US Senators Near Breakthrough on Crypto Market Structure Bill Despite Shutdown.

Despite the ongoing government shutdown, lawmakers are closing in on finalizing the crypto market structure bill, with 90% of the framework reportedly agreed upon and key debates now centering on decentralized finance and stablecoin rules.

Senators Edge Closer to Crypto Market Structure Bill Amid Shutdown

The United States Senate is pushing forward on the long-awaited crypto market structure bill despite the ongoing government shutdown, signaling a rare moment of bipartisan focus on digital asset regulation. Coinbase CEO Brian Armstrong shared that nearly all major components of the crypto market structure bill are already in alignment, with the last stretch focusing mainly on how decentralized finance should be governed without hindering innovation.

Armstrong expressed optimism that the final draft of the crypto market structure bill could be ready before Thanksgiving, marking what could be a landmark step for the US crypto industry. In a recent update on X, he emphasized that the Senate’s work continues uninterrupted, even as much of Washington remains stalled.

According to Armstrong, approximately 90 percent of the legislative groundwork is complete, leaving the remaining 10 percent centered on complex issues surrounding decentralized finance. Lawmakers are said to be balancing regulatory clarity with the need to safeguard open-source innovation that powers DeFi protocols.

DeFi and Stablecoins Take Center Stage in Policy Talks

One of the central challenges in finalizing the crypto market structure bill lies in drawing boundaries between centralized and decentralized entities. Armstrong stressed that while platforms like Coinbase should be regulated, decentralized protocols should remain outside the purview of traditional financial oversight.

This nuanced approach aims to preserve the very foundation of decentralized finance while ensuring compliance and consumer protection in the centralized sector. Lawmakers are reportedly working with industry experts to develop a structure that promotes transparency and accountability without stifling innovation.

Stablecoins have also become a pivotal talking point in the crypto market structure bill, especially after the passage of the GENIUS Act earlier this year. The legislation established baseline standards for stablecoin reserves, transparency, and consumer safeguards, setting the tone for future digital currency oversight.

However, Armstrong warned that the banking lobby is attempting to roll back parts of the stablecoin framework, particularly around reward and yield distribution. He accused major banks of trying to “re-litigate” established policies, framing their efforts as a move to suppress competition in the growing digital payments sector.

Banking Industry Pushes Back Against Stablecoin Rules

While the GENIUS Act prohibits stablecoin issuers from offering direct interest payments, the law does not extend the same restriction to crypto exchanges. This technical detail has stirred strong opposition from banking groups such as the Bank Policy Institute, which argues that exchanges could use this gap to indirectly offer yield-bearing stablecoins.

The Institute claims that this structure undermines the intent of the GENIUS Act and allows exchanges to sidestep consumer protection measures. Yet industry advocates view this as an overreach, suggesting that traditional banks are reacting to competitive pressure rather than regulatory inconsistency.

According to New York University professor Austin Campbell, many in the banking sector are growing anxious about the expanding appeal of stablecoins. He noted that stablecoin holders could soon enjoy more flexible returns than conventional bank customers, which threatens the traditional banking model built on low-interest deposits.

This tension underscores a broader shift in the financial landscape as digital assets move from speculative instruments to viable payment and savings tools.
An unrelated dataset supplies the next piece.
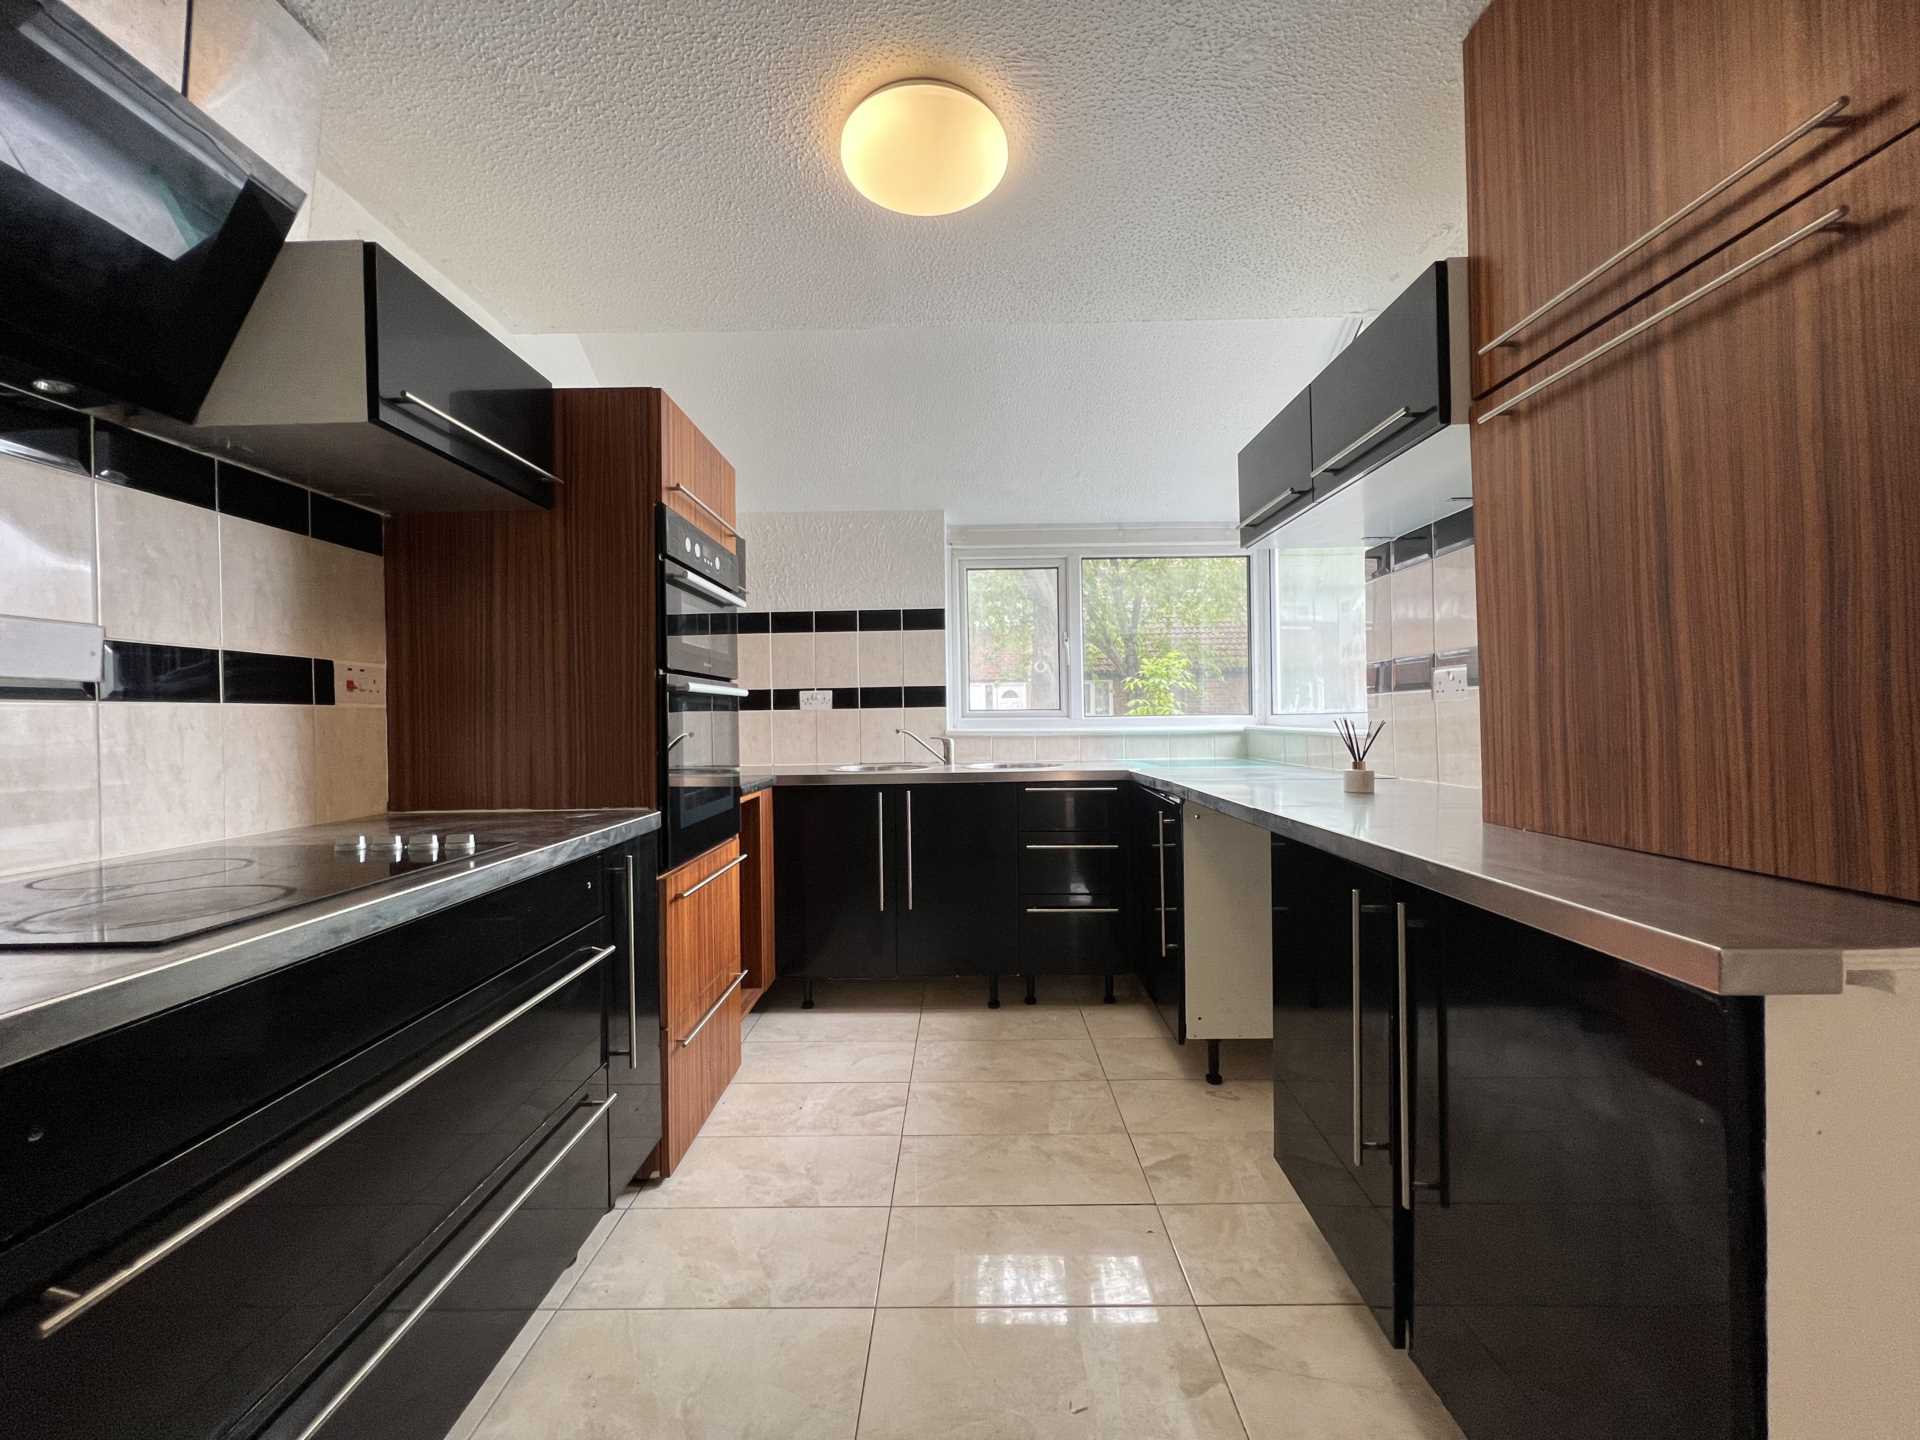 AISHER ROAD SE28 8LH    * VIDEO & 3D FLOORPLAN AVAILABLE *, Image 4

The crypto market structure bill is expected to formalize how such innovations coexist with the existing financial system, potentially reshaping the balance between Wall Street and blockchain technology.

What the Final Stretch Could Mean for the Crypto Industry

If completed as planned, the crypto market structure bill could bring long-awaited clarity to one of the most contested areas of US financial policy. Clear definitions for market intermediaries, investor protections, and DeFi exemptions could help unlock institutional confidence while preventing regulatory overreach.

Armstrong’s remarks highlight a growing sense of urgency among policymakers to keep the United States competitive in digital finance. He noted that despite political turbulence, the Senate’s progress reflects an emerging consensus on how to govern the crypto economy responsibly.

For the wider industry, the crypto market structure bill represents more than just a regulatory milestone it signals a shift toward legitimacy. As the legislation nears completion, it could set a global precedent for integrating decentralized systems within a transparent, enforceable framework.

The final draft, if delivered by Thanksgiving, may determine not only the future of crypto trading in America but also the country’s leadership in the global digital asset race.

Disclaimer: Parts of this article were generated with the assistance from AI tools and reviewed by our editorial team to ensure accuracy and adherence to our standards.